How to make tf.data.Dataset.from_generator yield batches with a custom generator

Question:

I want to use the tf.data API. My expected workflow looks like the following:

  • Input image is a 5D tensor with (batch_size, width, height,
    channels, frames)

  • First layer is a 3D convolution

I use the tf.data.from_generator function to create an iterator. Later I make a initializable iterator.
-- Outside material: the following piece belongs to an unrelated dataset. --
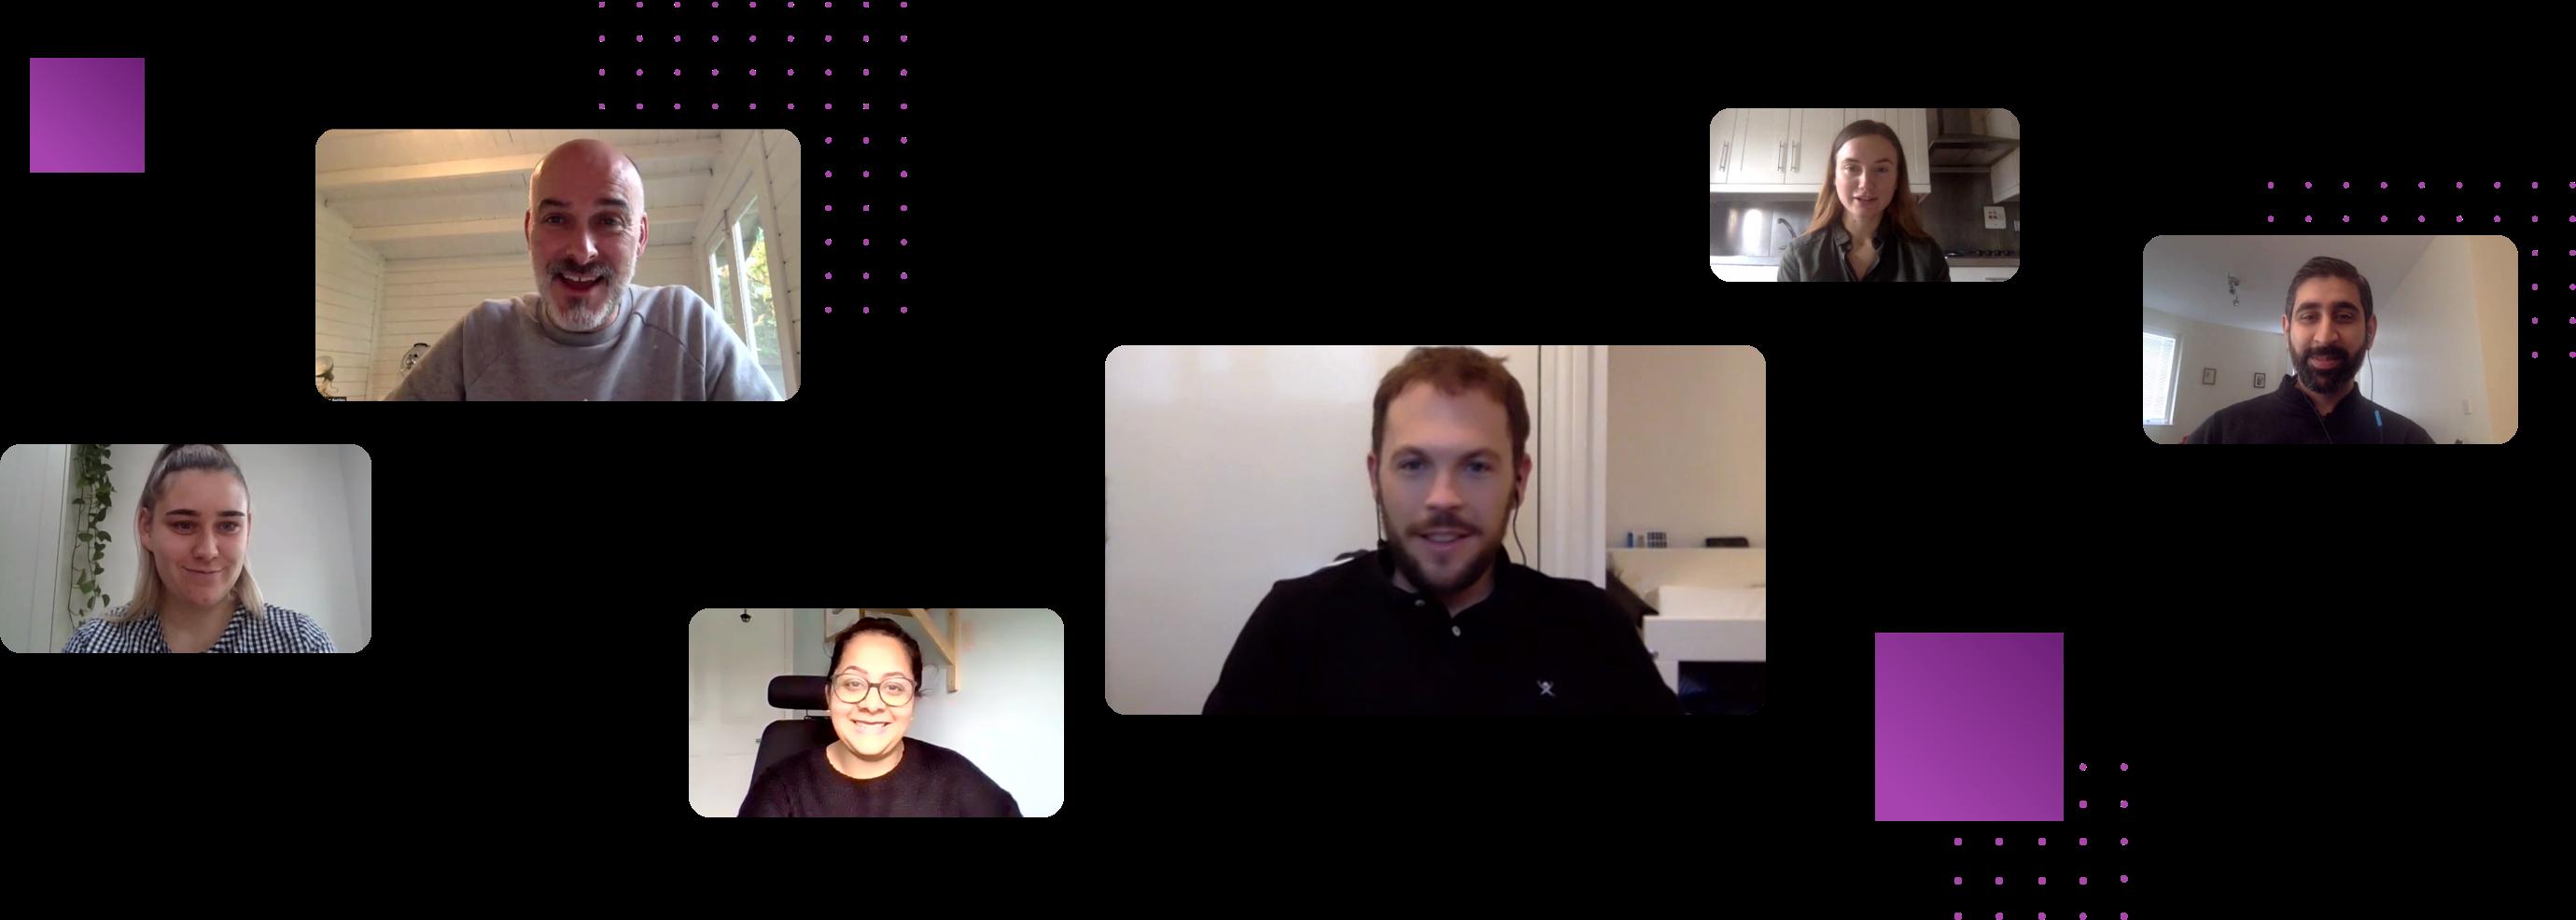 MySense Staff On A Video Call

My code would look something like this:

def custom_gen():
   img = np.random.normal((width, height, channels, frames))
   yield(img, img) # I train an autoencoder, so the x == y`

dataset = tf.data.Dataset.batch(batch_size).from_generator(custom_generator)
iter = dataset.make_initializable_iterator()

sess = tf.Session()
sess.run(iter.get_next())

I would expect that iter.get_next() yielded me a 5D tensor with the batch size. However, I even tried to yield the batch size in my own custom_generator and it does not work. I face an error, when I want to initialize the dataset with my placeholder of the input shape (batch_size, width, height, channels, frames).

Asked By: Lau

||

Answers:

The Dataset construction process in that example is ill-formed. It should be done in this order, as also established by the official guide on Importing Data:

  1. A base dataset creation function or static method should be called for establishing the original source of data (e.g. the static methods from_slice_tensors, from_generator, list_files, …).
  2. At this point, transformations may be applied by chaining adapter methods (such as batch).

Thus, in TensorFlow 2.9:

dataset = tf.data.Dataset.from_generator(
     generator,
     output_signature=(
         tf.TensorSpec(shape=(width, height, channels, frames), dtype=tf.float32),
         tf.TensorSpec(shape=(width, height, channels, frames), dtype=tf.float32)
    ).batch(batch_size)

In TensorFlow 1:

dataset = tf.data.Dataset.from_generator(custom_generator).batch(batch_size)